= Eric Bucchere =

American soccer coach

Eric Bucchere is the co-founder and current CEO and Sporting Director of Path2Pro Soccer.

Prior to joining Path2Pro Bucchere was an American soccer coach who most recently an assistant coach with Reno 1868 FC in the United Soccer League.

Prior to his role with Reno 1868 FC, Bucchere was the head coach of Burlingame Dragons FC of the Premier Development League in 2016. Bucchere led the team to a PDL Western Conference Final Four appearance in his first season as head coach. Several Burlingame Dragons FC players signed professional contracts into Major League Soccer after the 2016 season, including Nick Lima of the San Jose Earthquakes.

In addition to his time coaching in the PDL and USL, Bucchere also coached college soccer for 12 years, most recently as the head coach of men's soccer program at Menlo College.
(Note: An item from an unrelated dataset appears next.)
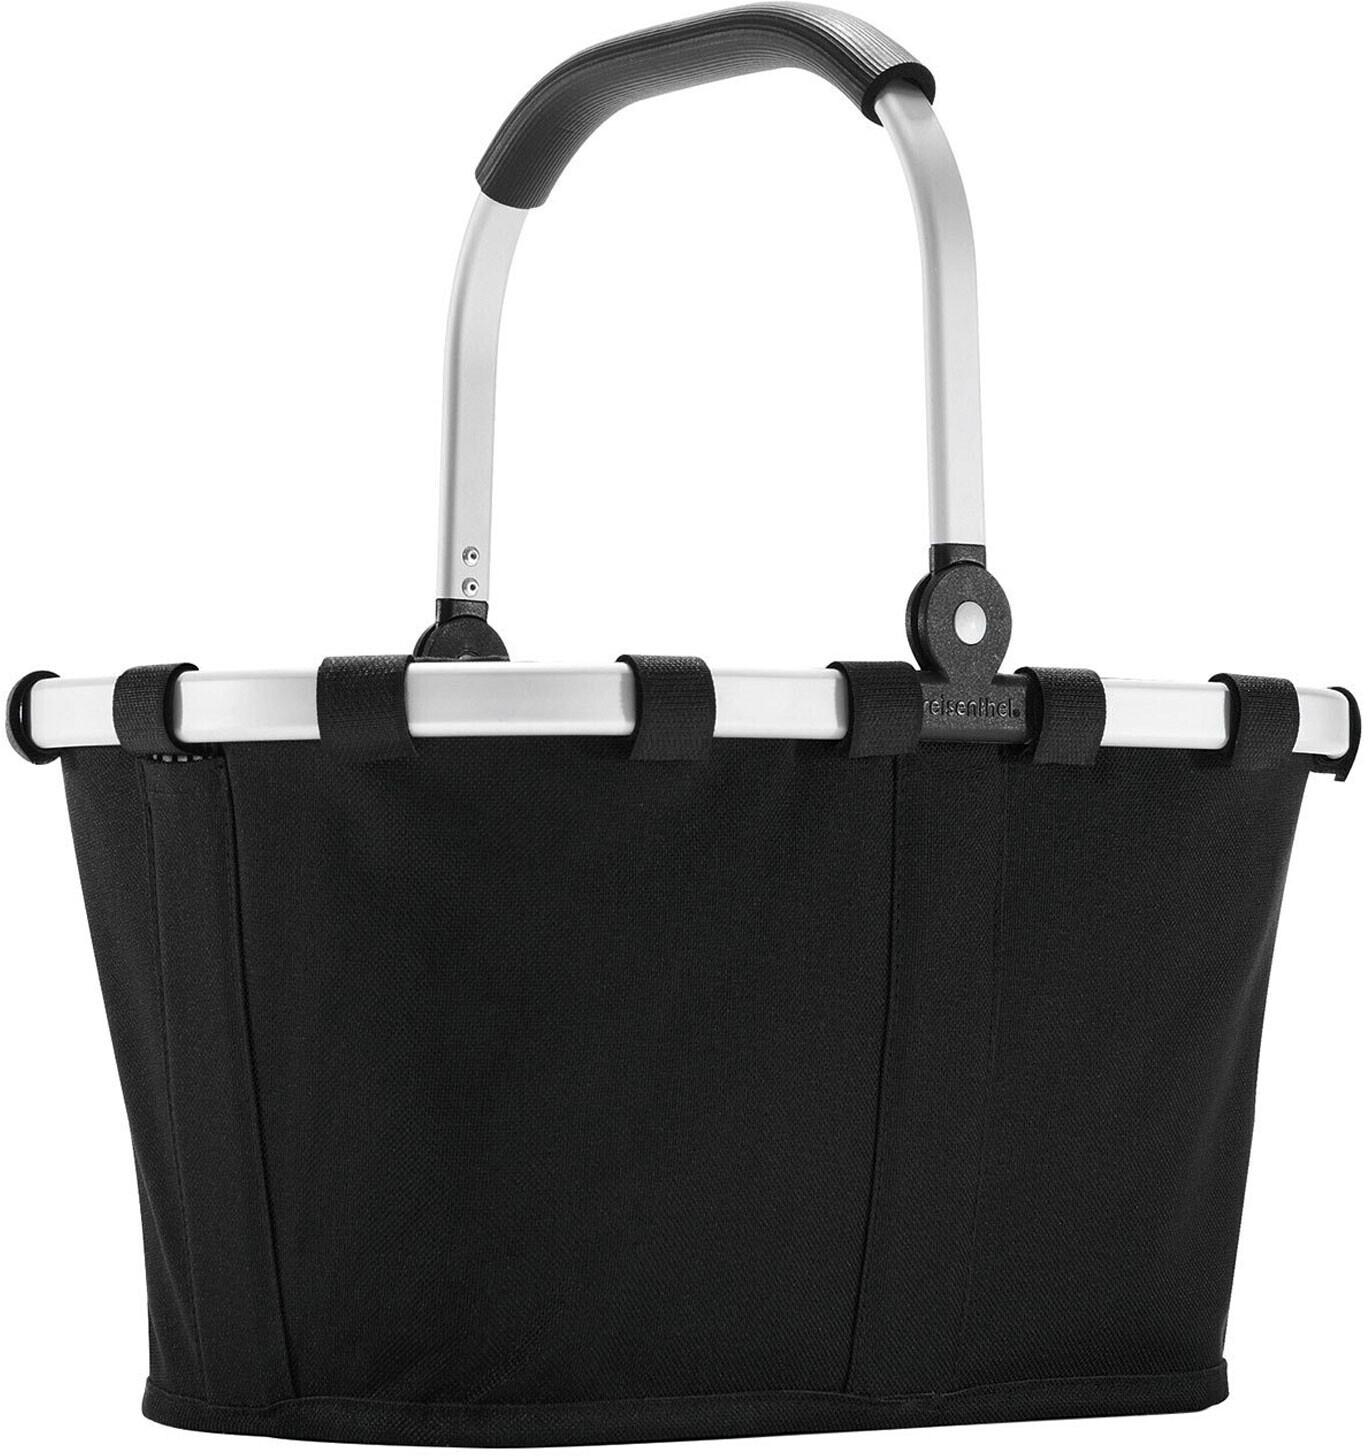 Reisenthel Carrybag XS

In four seasons in charge from 2013–2016, Bucchere accumulated a 43-23-9 record at Menlo, including a program-best ever record of 15-5-1 in 2016. In 2016, Bucchere led Menlo to the first ever Golden State Athletic Conference championship in men's soccer and Menlo College history.

Bucchere also served an assistant coach of men's soccer for the UC Santa Cruz Banana Slugs from 2006–2008, and UC San Diego Tritons from 2008-2013.

Bucchere also has experience coaching in the U.S. Soccer Development Academy, working with the U16-U18 teams for the San Diego Surf (soccer) from 2008–2013, and also with the San Jose Earthquakes from 2013-2015.